## [Task requirements]
What you write must match, character for character, the lines from the one with "FIT ETA 7750" down to the one with "The Forbidden Zone Audiobook Is Here!" in the listing below, minus its pictures.

## [Given data]
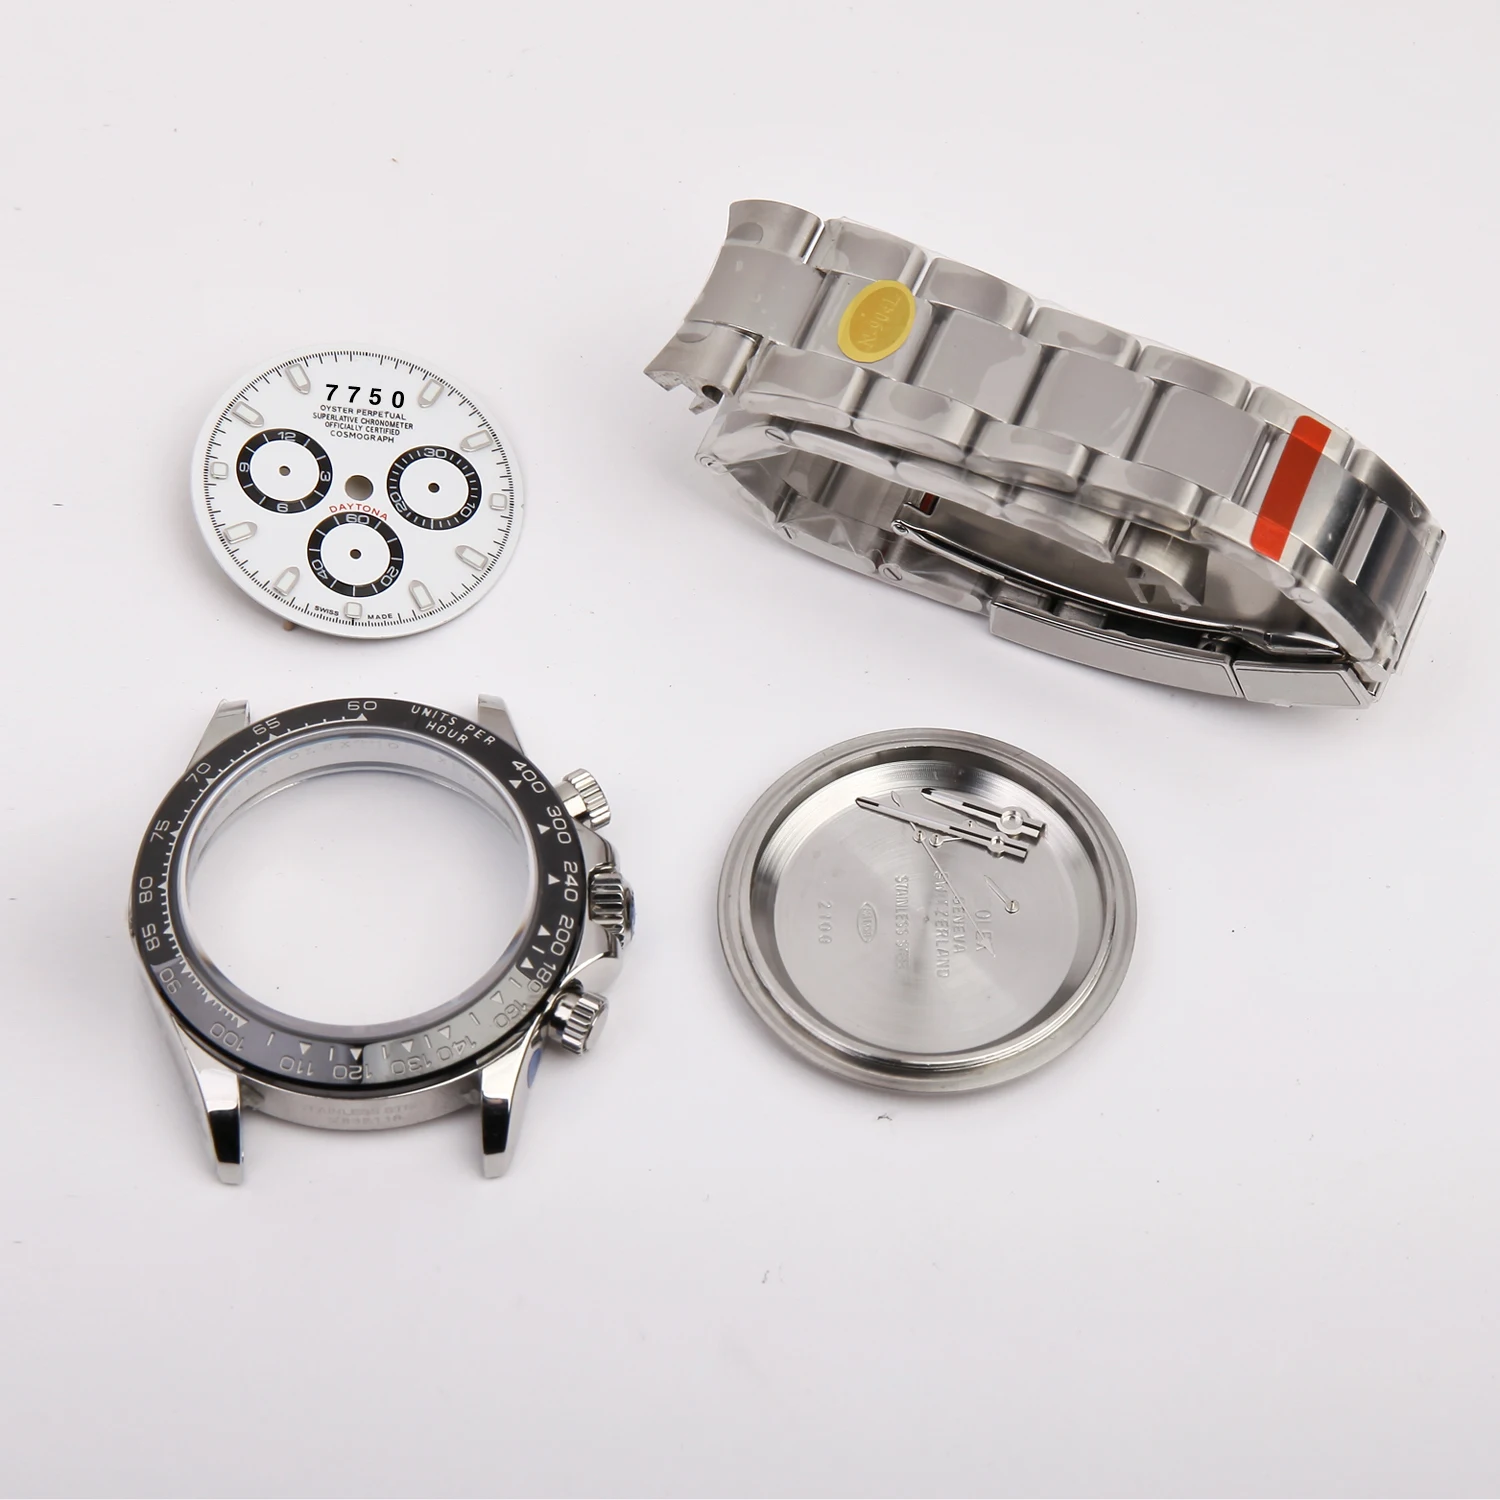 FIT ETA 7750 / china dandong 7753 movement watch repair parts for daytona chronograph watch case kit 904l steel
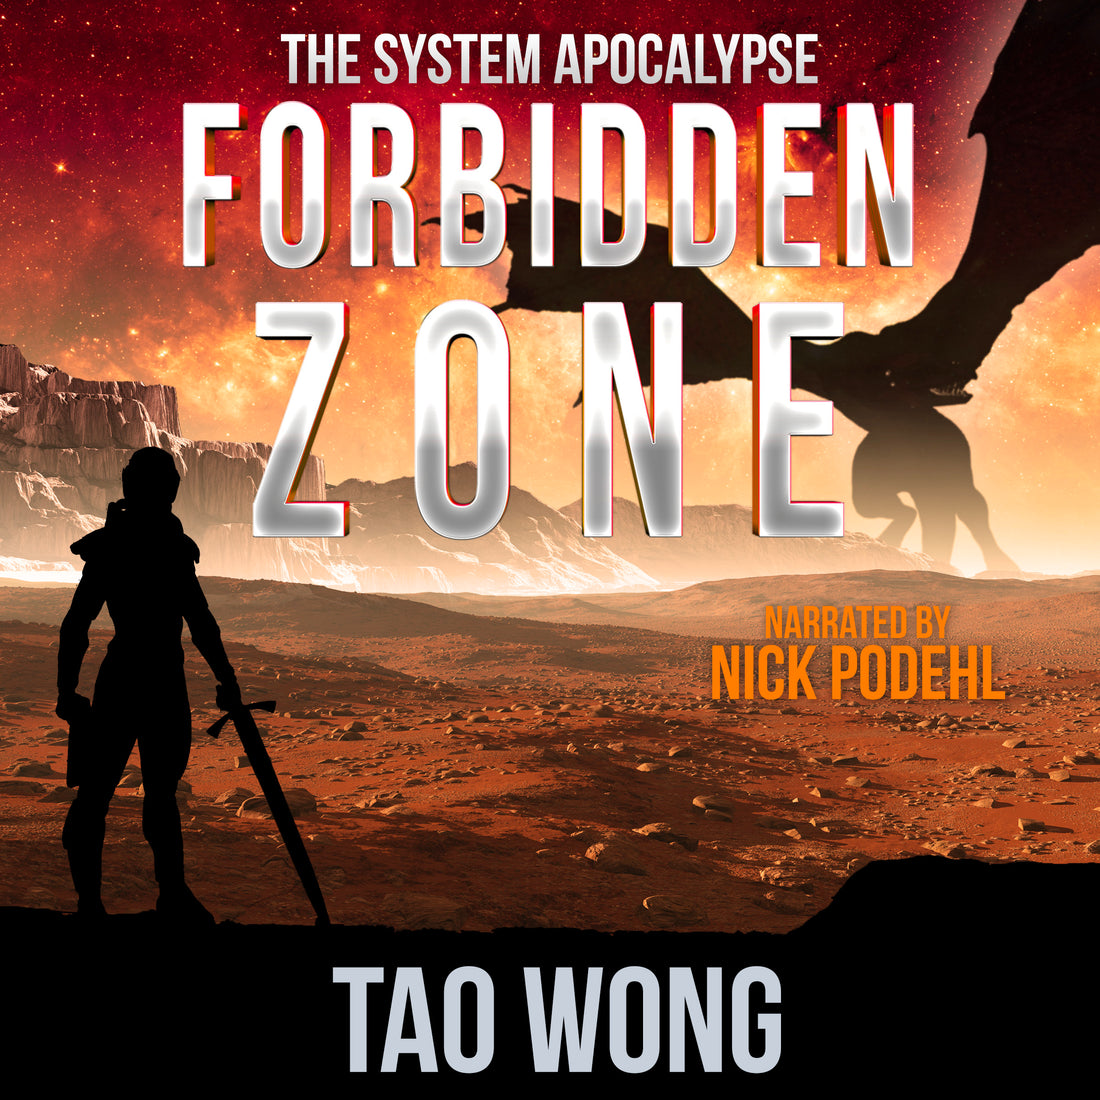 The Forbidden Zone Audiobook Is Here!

---

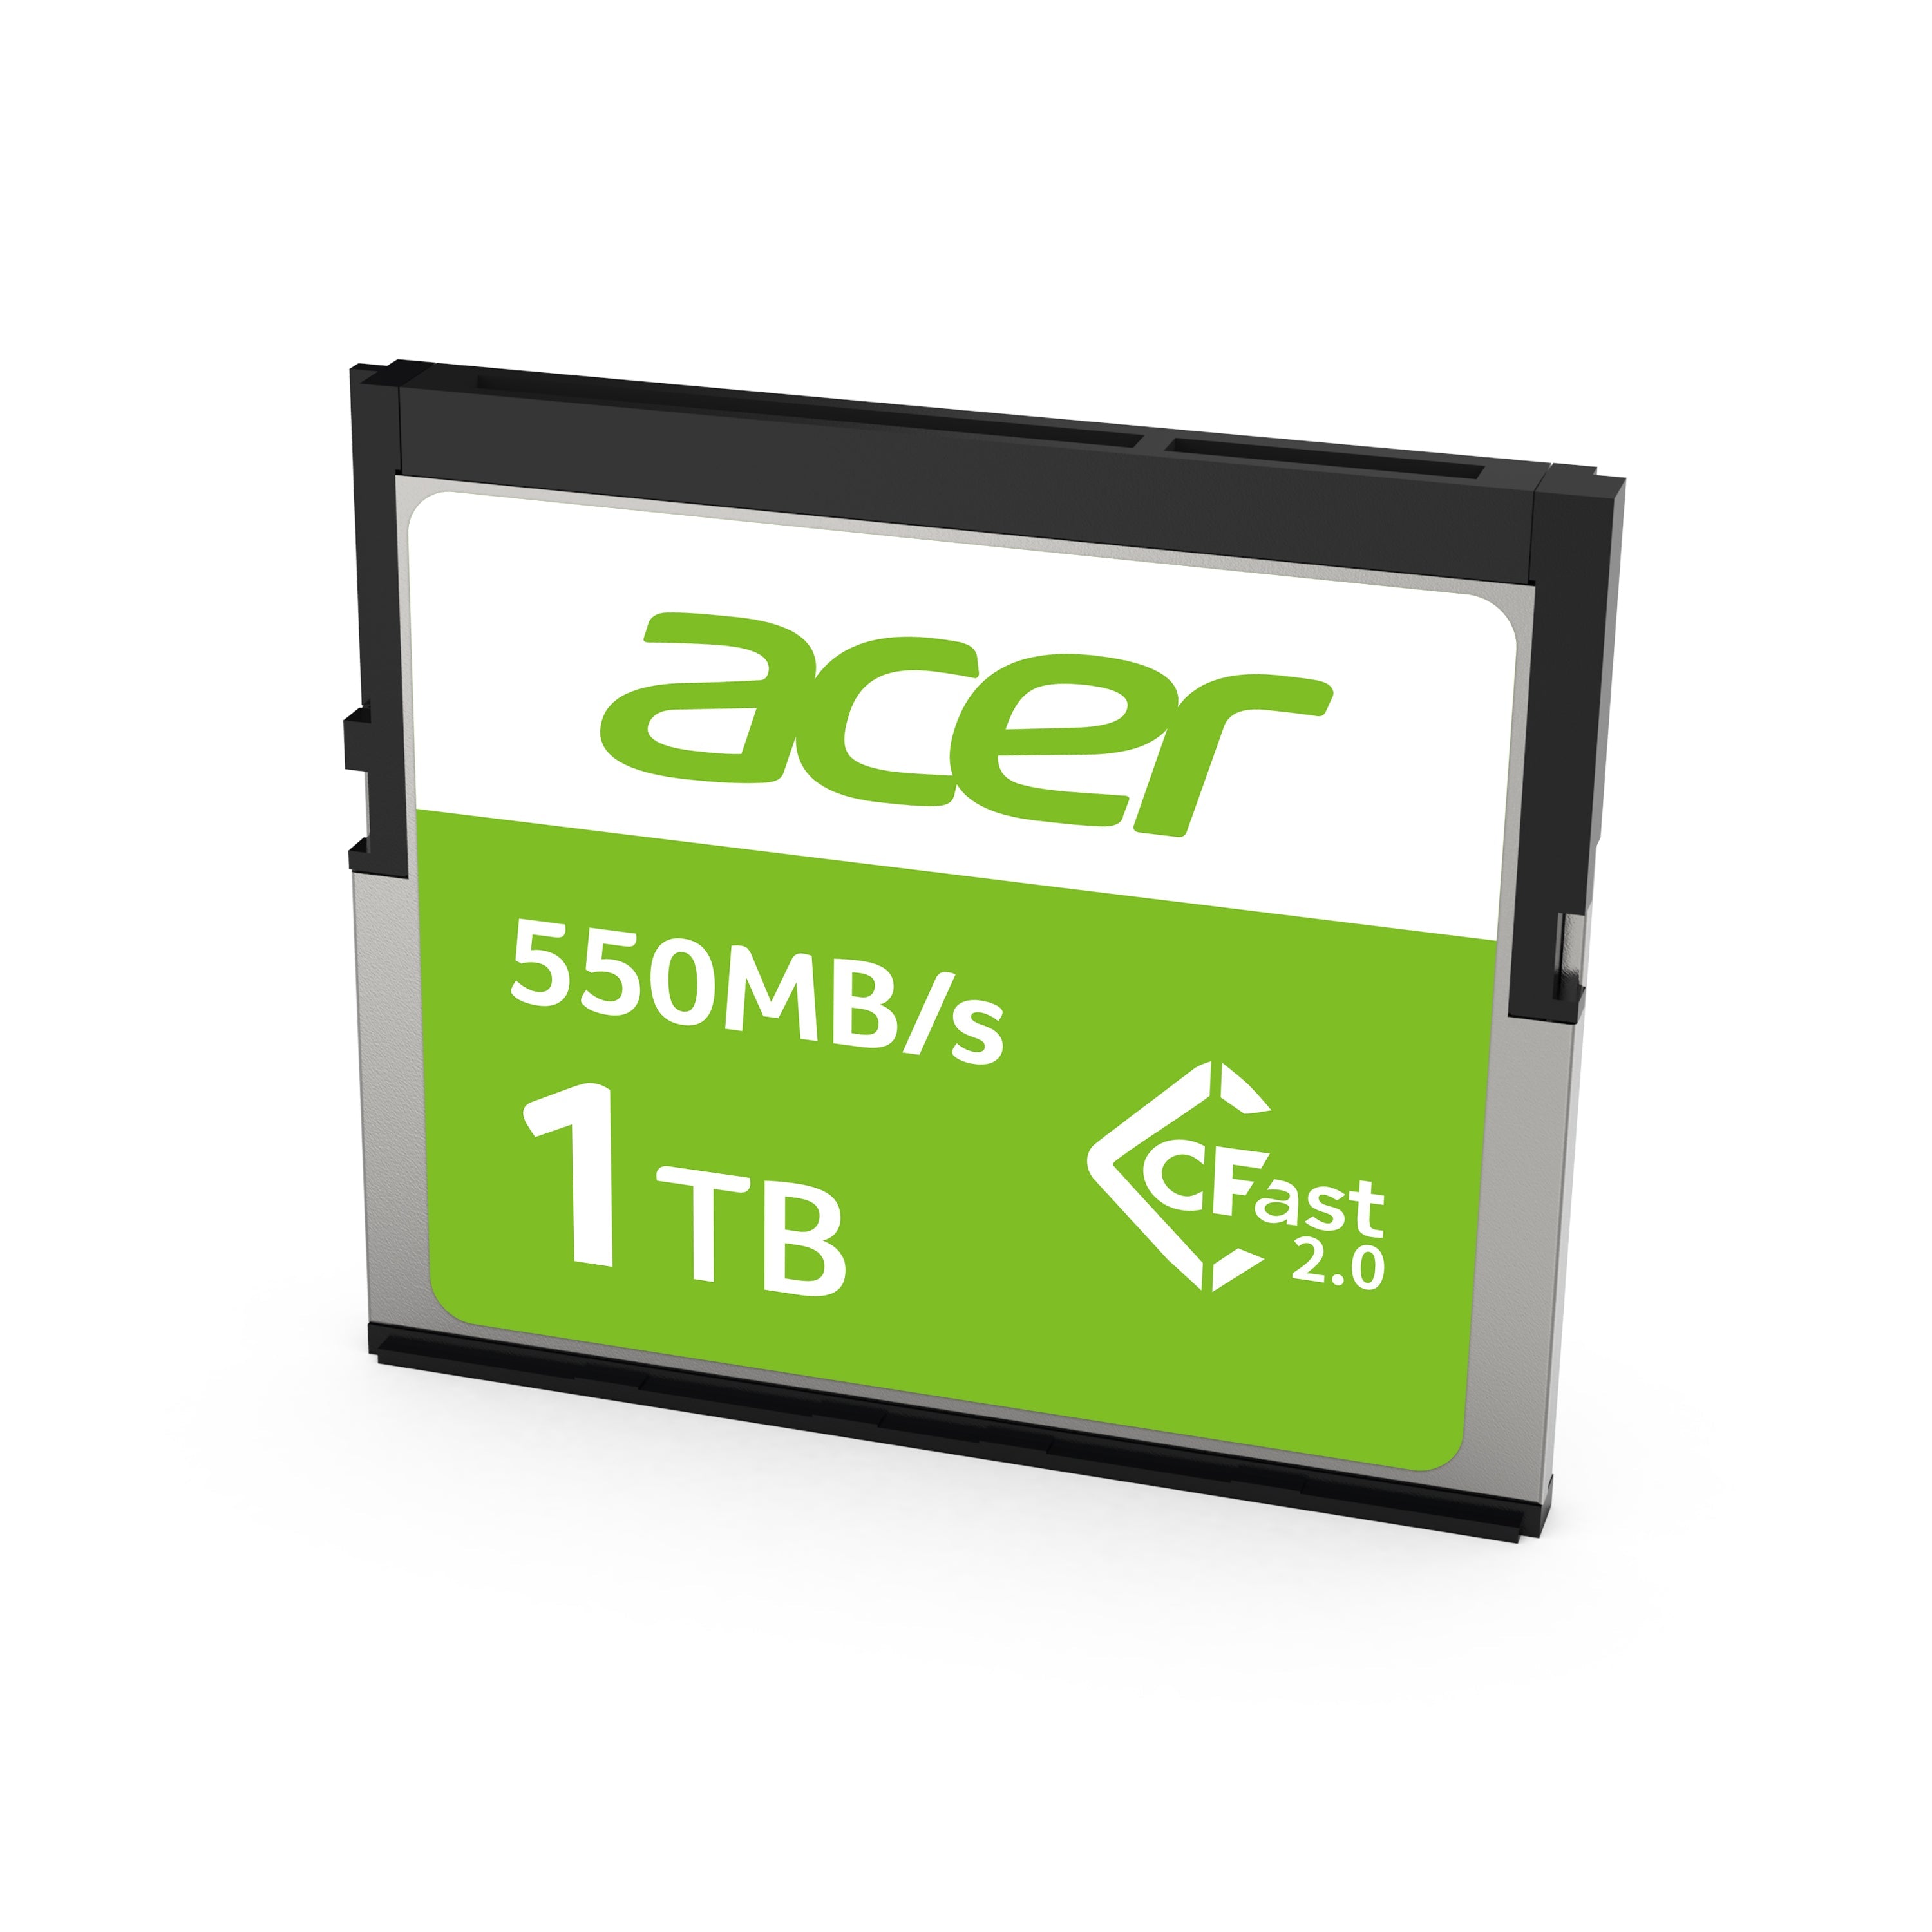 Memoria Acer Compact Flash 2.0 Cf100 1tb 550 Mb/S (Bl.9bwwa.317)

## [Your response]
 FIT ETA 7750 / china dandong 7753 movement watch repair parts for daytona chronograph watch case kit 904l steel
 The Forbidden Zone Audiobook Is Here!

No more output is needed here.